= Meliboea of Ephesus =

Woman in Greek mythology

In Greek and Roman mythology, Meliboea (/ˌmɛlᵻˈbiːə/; Μελίβοια) is a young woman from Ephesus who wished to marry her lover Alexis against her parents' wishes. The couple was only able to be united through divine intervention. Alexis and Meliboea's story is recorded in the works of Servius, a Latin grammarian of the fifth century. The myth is an aetiological story explaining the reason behind the goddess Aphrodite as worshipped under the epithets Automate and Epidaetia in Ephesus.

== Mythology ==
The young Meliboea lived with her parents in the city of Ephesus, an ancient Greek colony on the western coast of Asia Minor. She had fallen in love with a boy her own age, called Alexis, and both had given an oath to marry each other when time was ripe. But Meliboea's parents decided to betroth her to someone else of their own choosing instead, and they would not change their minds. Heartbroken over the news, Alexis decided to embark on a self-imposed exile and leave from Ephesus forever, while Meliboea stayed behind.
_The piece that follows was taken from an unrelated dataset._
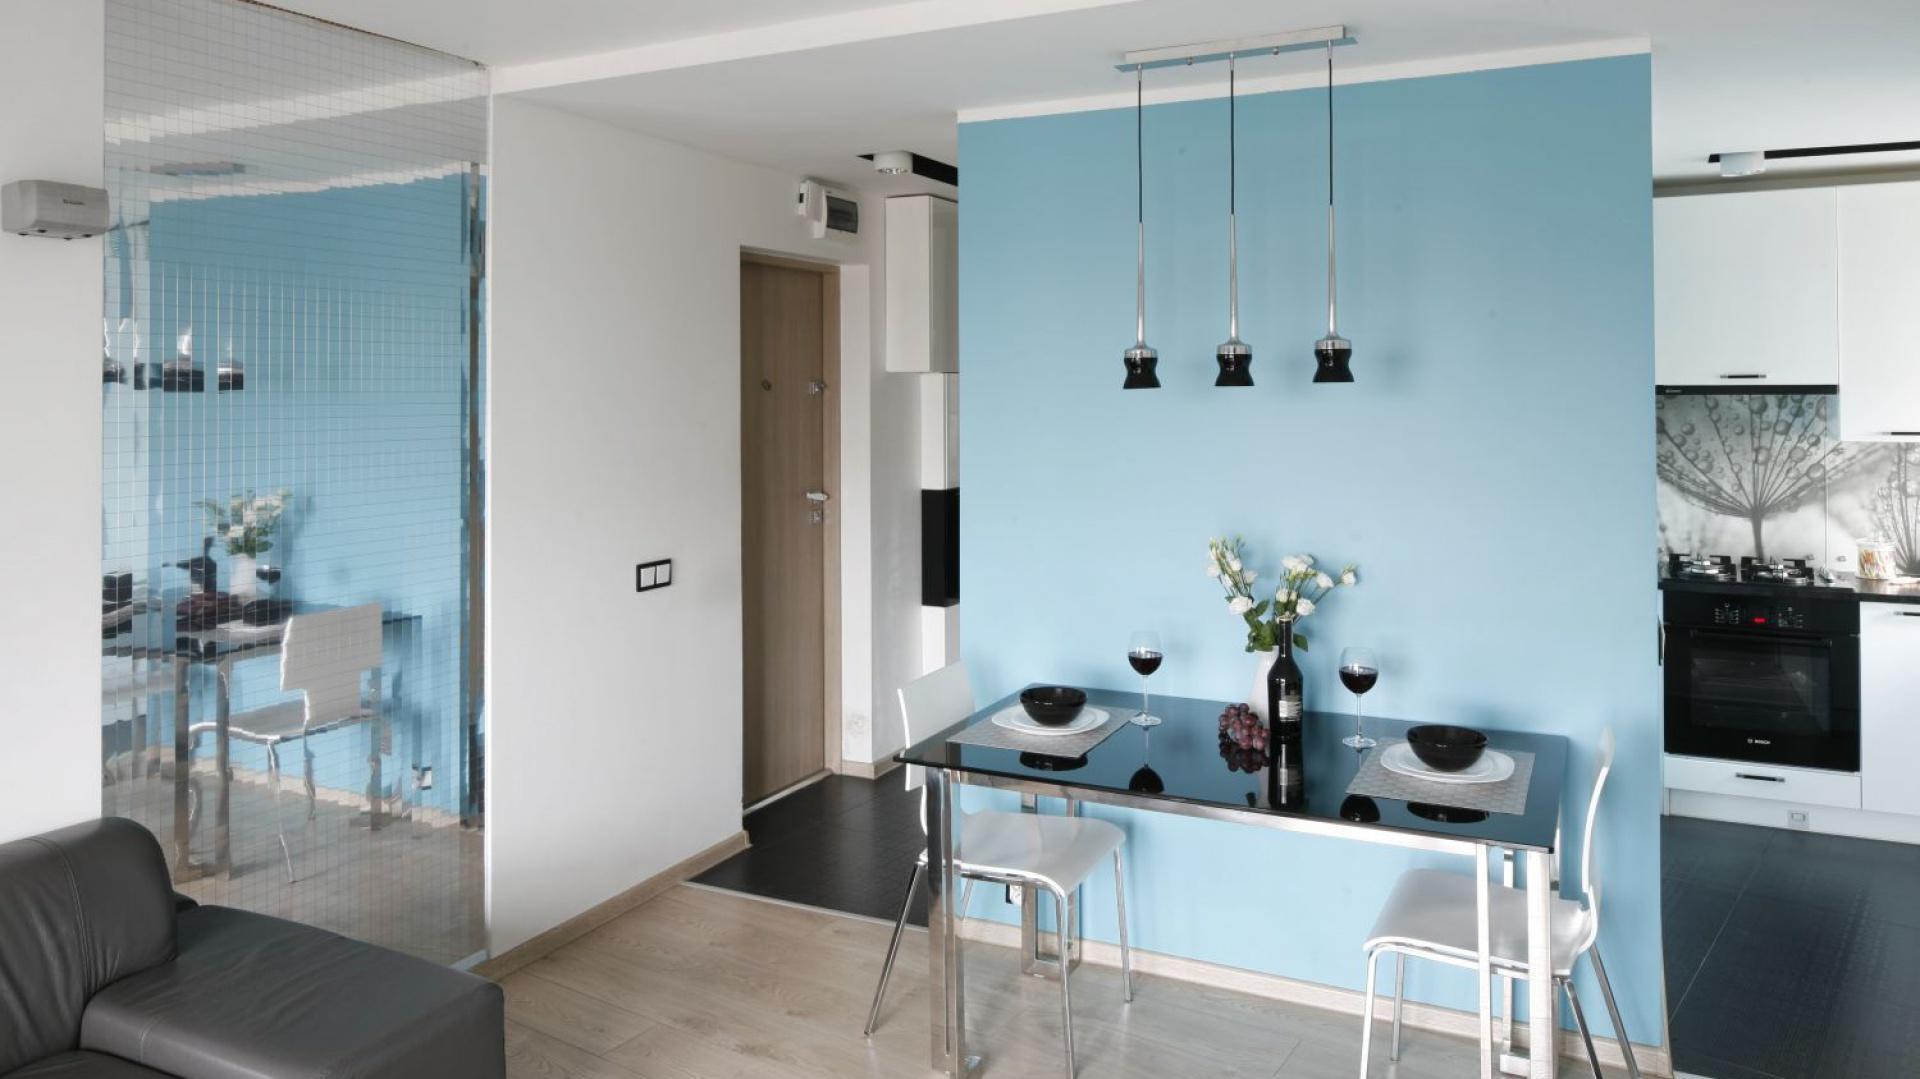 To małe mieszkanie ma zaledwie 36 metrów. Mimo niewielkiej powierzchni udało się w nim zaplanować niewielką jadalnię. Projekt: Marta Kilan. Fot. Bartosz Jarosz.

On the day the maiden was to be married to her betrothed, she decided to take her life and jumped off the roof of her house, but this failed and she landed on the ground uninjured. Instead she decided to flee, and arriving at the seashore she boarded a boat she found there. Immediately the ropes untied themselves on their own accord. By the will of the gods the boat brought Meliboea to the land where Alexis was living, while he was holding a feast for friends, and the two lovers were finally reunited and allowed to marry. The happy couple then erected a temple in honour of the love-goddess Aphrodite Automate ("the spontaneous", or "the one acting on her own will", after the ropes that allowed them to be together) and Epidaetia ("she of the feast", because Meliboea had arrived during a feast).

== See also ==

- Rhodopis and Euthynicus
- Clytie

== Bibliography ==
- Avery, Catherine B. (1962). "New Century Classical Handbook"
- Bell, Robert E. (1991). "Women of Classical Mythology: A Biographical Dictionary"
- Edmonds, John M. (1959). "The Fragments of Attic Comedy After Meineke, Bergk, and Kock"
- Maurus Servius Honoratus. In Vergilii carmina comentarii. Servii Grammatici qui feruntur in Vergilii carmina commentarii; recensuerunt Georgius Thilo et Hermannus Hagen. Georgius Thilo. Leipzig. B. G. Teubner. 1881. Online version at the Perseus Digital Library.
- Smith, William (1873). "A Dictionary of Greek and Roman Biography and Mythology" Online version at the Perseus.tufts library.